There are 3 architecture-specific opcode formats: x86, x64, and ARM64.

All 3 formats have a “null opcode” (0x0000_0000) which indicates that there is no unwinding information for this range of addresses. This happens with things like hand-written assembly subroutines. This implementation will yield it as a valid opcode that converts into CompactUnwindOp::None.

All 3 formats share a common header in the top 8 bits (from high to low):

/// Whether this instruction is the start of a function.
is_start: u1,

/// Whether there is an lsda entry for this instruction.
has_lsda: u1,

/// An index into the global personalities array
/// (TODO: ignore if has_lsda == false?)
personality_index: u2,

/// The architecture-specific kind of opcode this is, specifying how to
/// interpret the remaining 24 bits of the opcode.
opcode_kind: u4,

x86 and x64 Opcodes

x86 and x64 use the same opcode layout, differing only in the registers being restored. Registers are numbered 0-6, with the following mappings:

x86:

  • 0 => no register (like Option::None)
  • 1 => ebx
  • 2 => ecx
  • 3 => edx
  • 4 => edi
  • 5 => esi
  • 6 => ebp

x64:

  • 0 => no register (like Option::None)
  • 1 => rbx
  • 2 => r12
  • 3 => r13
  • 4 => r14
  • 5 => r15
  • 6 => rbp

Note also that encoded sizes/offsets are generally divided by the pointer size (since all values we are interested in are pointer-aligned), which of course differs between x86 and x64.

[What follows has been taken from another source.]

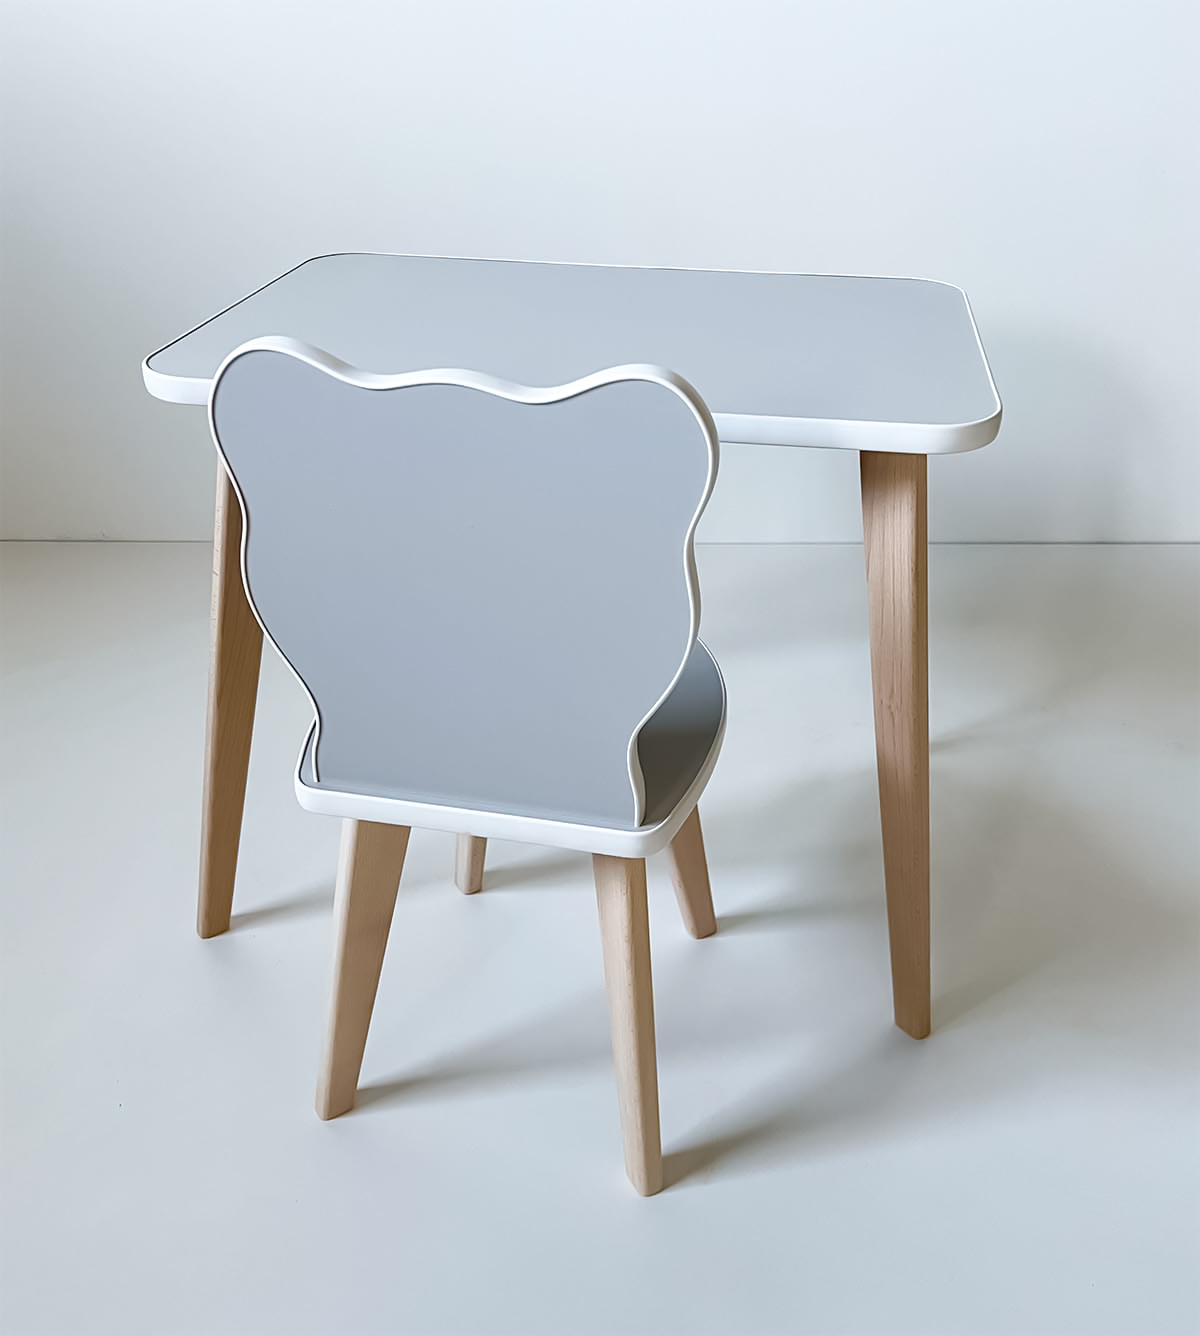 Комплект детской мебели RuLes прямоугольный столик и стульчик мишка, серый 12620

There are 4 kinds of x86/x64 opcodes (specified by opcode_kind):

(One of the llvm headers refers to a 5th “0=old” opcode. Apparently this was used for initial development of the format, and is basically just reserved to prevent the testing data from ever getting mixed with real data. Nothing should produce or handle it. It does incidentally match the “null opcode”, but it’s fine to regard that as an unknown opcode and do nothing.)

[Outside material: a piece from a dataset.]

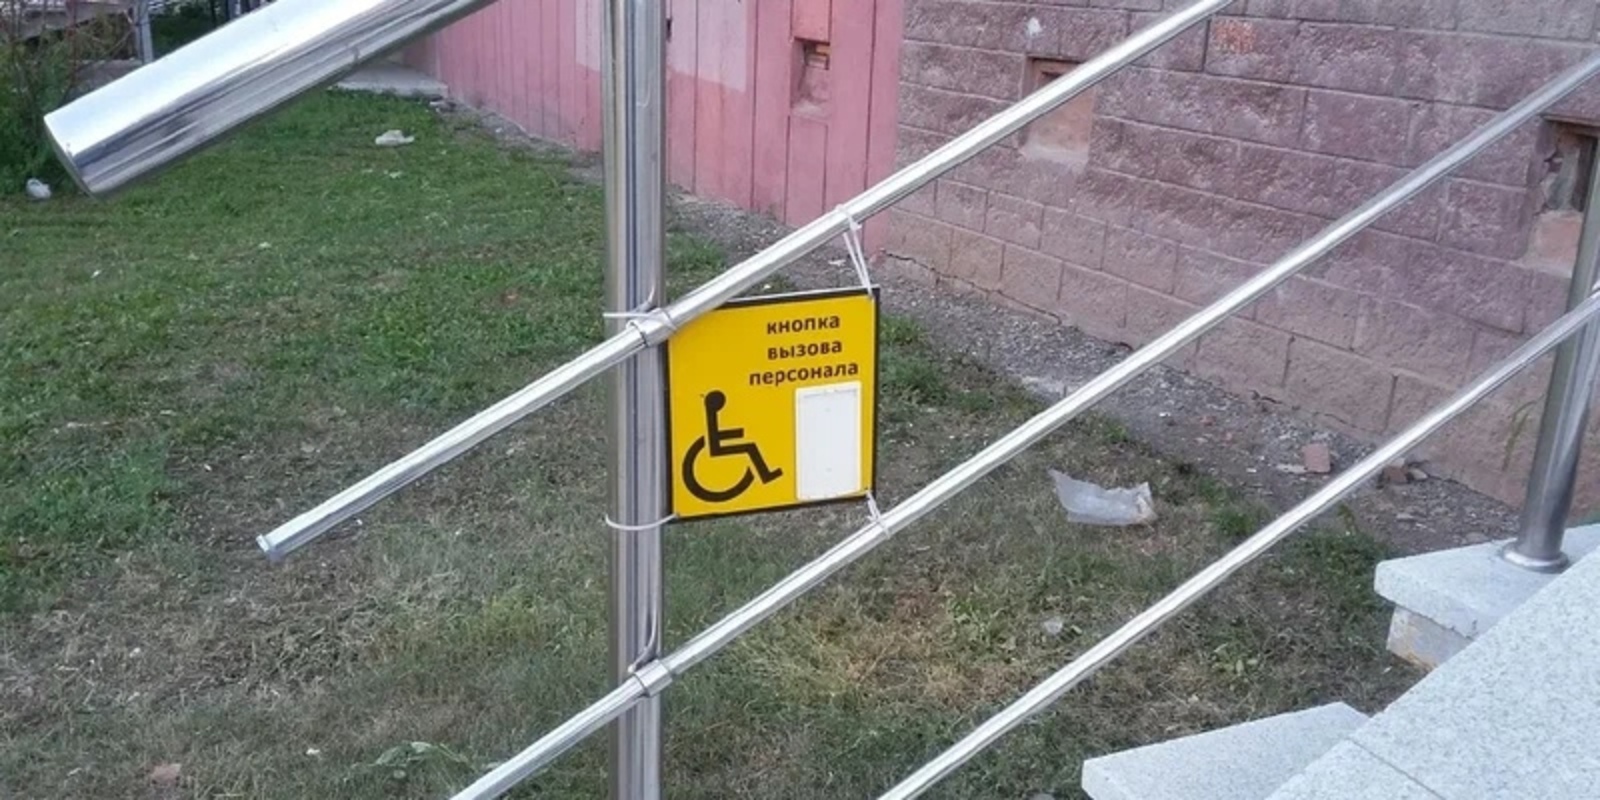 Названы муниципалитеты Башкирии с высоким уровнем инвалидности среди детей и подростков

x86/x64 Opcode 1: Frame-Based

The function has the standard frame pointer (bp) prelude which:

  • Pushes the caller’s bp to the stack
  • Sets bp := sp (new frame pointer is the current top of the stack)

bp has been preserved, and any callee-saved registers that need to be restored are saved on the stack at a known offset from bp. The return address is stored just before the caller’s bp. The caller’s stack pointer should point before where the return address is saved.

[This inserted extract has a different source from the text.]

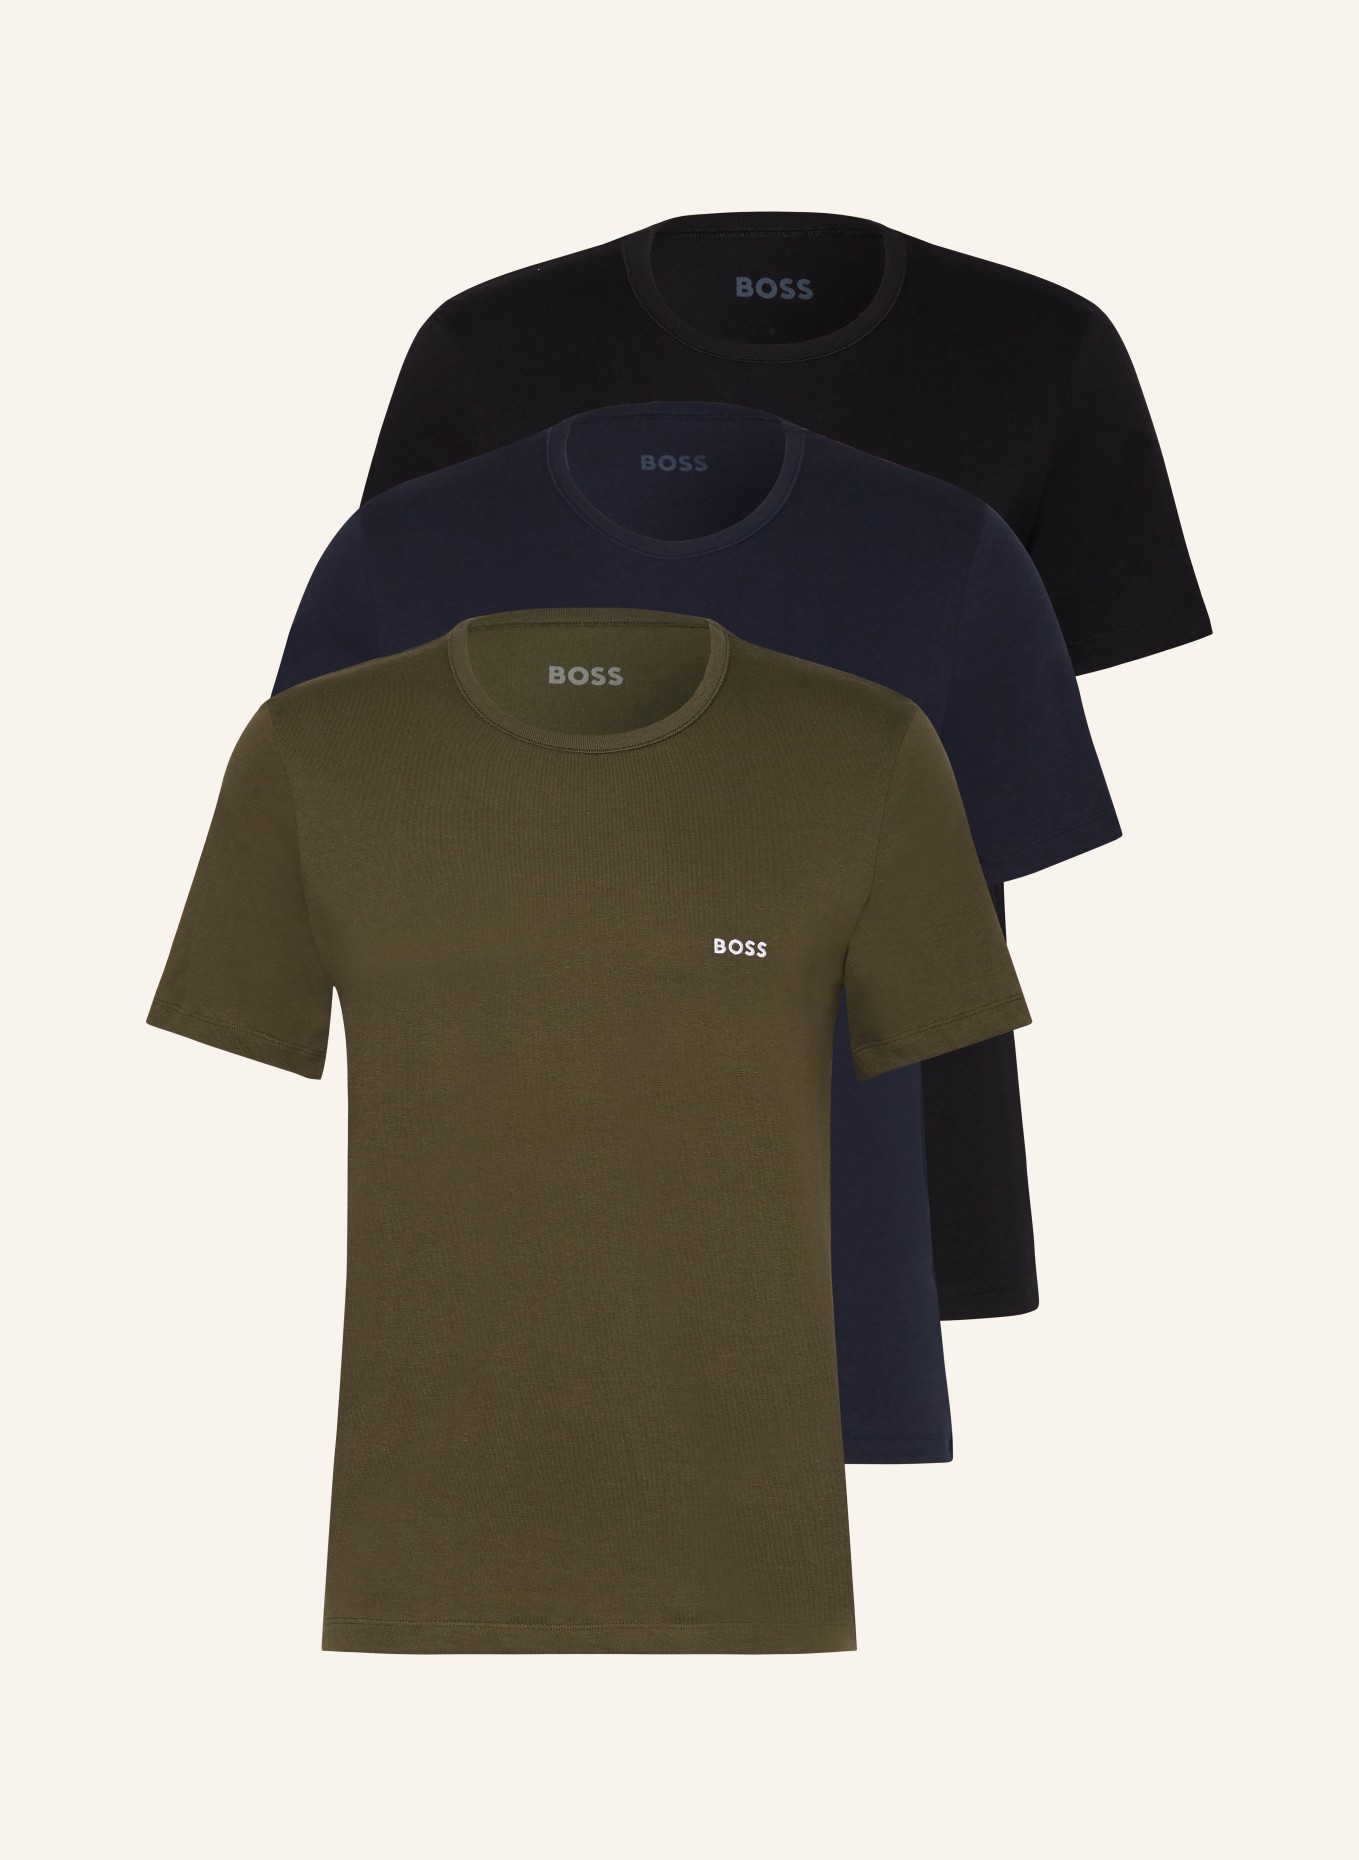 BOSS 3-pack T-shirts, Color: BLACK/ DARK BLUE/ OLIVE (Image 1)

So to unwind you just need to do:

%sp := %bp + 2*POINTER_SIZE
%ip := *(%bp + POINTER_SIZE)
%bp := *(%bp)

(and restore all the other callee-saved registers as described below)

Registers are stored in increasing order (so reg1 comes before reg2). If a register has the “no register” value, continue iterating the offset forward. This lets the registers be stored slightly-non-contiguously on the stack.

The remaining 24 bits of the opcode are interpreted as follows (from high to low):

/// The offset from bp that the registers to restore are saved at,
/// divided by pointer size.
stack_offset: u8,

_unused: u1,

/// Registers to restore (see register mapping in previous section)
reg1: u3,
reg2: u3,
reg3: u3,
reg4: u3,
reg5: u3,

x86/x64 Opcode 2: Frameless (Stack-Immediate)

The callee’s stack frame has a known size, so we can find the start of the frame by offsetting from sp (the stack pointer). The return address is saved immediately after that location. Any callee-saved registers that need to be restored are saved immediately after that.

So to unwind you just need to do:

%sp := %sp + stack_size * POINTER_SIZE
%ip := *(%sp - 8)

(and restore all the other callee-saved registers as described below)

Registers are stored in reverse order on the stack from the order the decoding algorithm outputs (so reg[1] comes before reg[0]).

If a register has the “no register” value, do not continue iterating the offset forward – registers are strictly contiguous (it’s possible “no register” can only be trailing due to the encoding, but I haven’t verified this).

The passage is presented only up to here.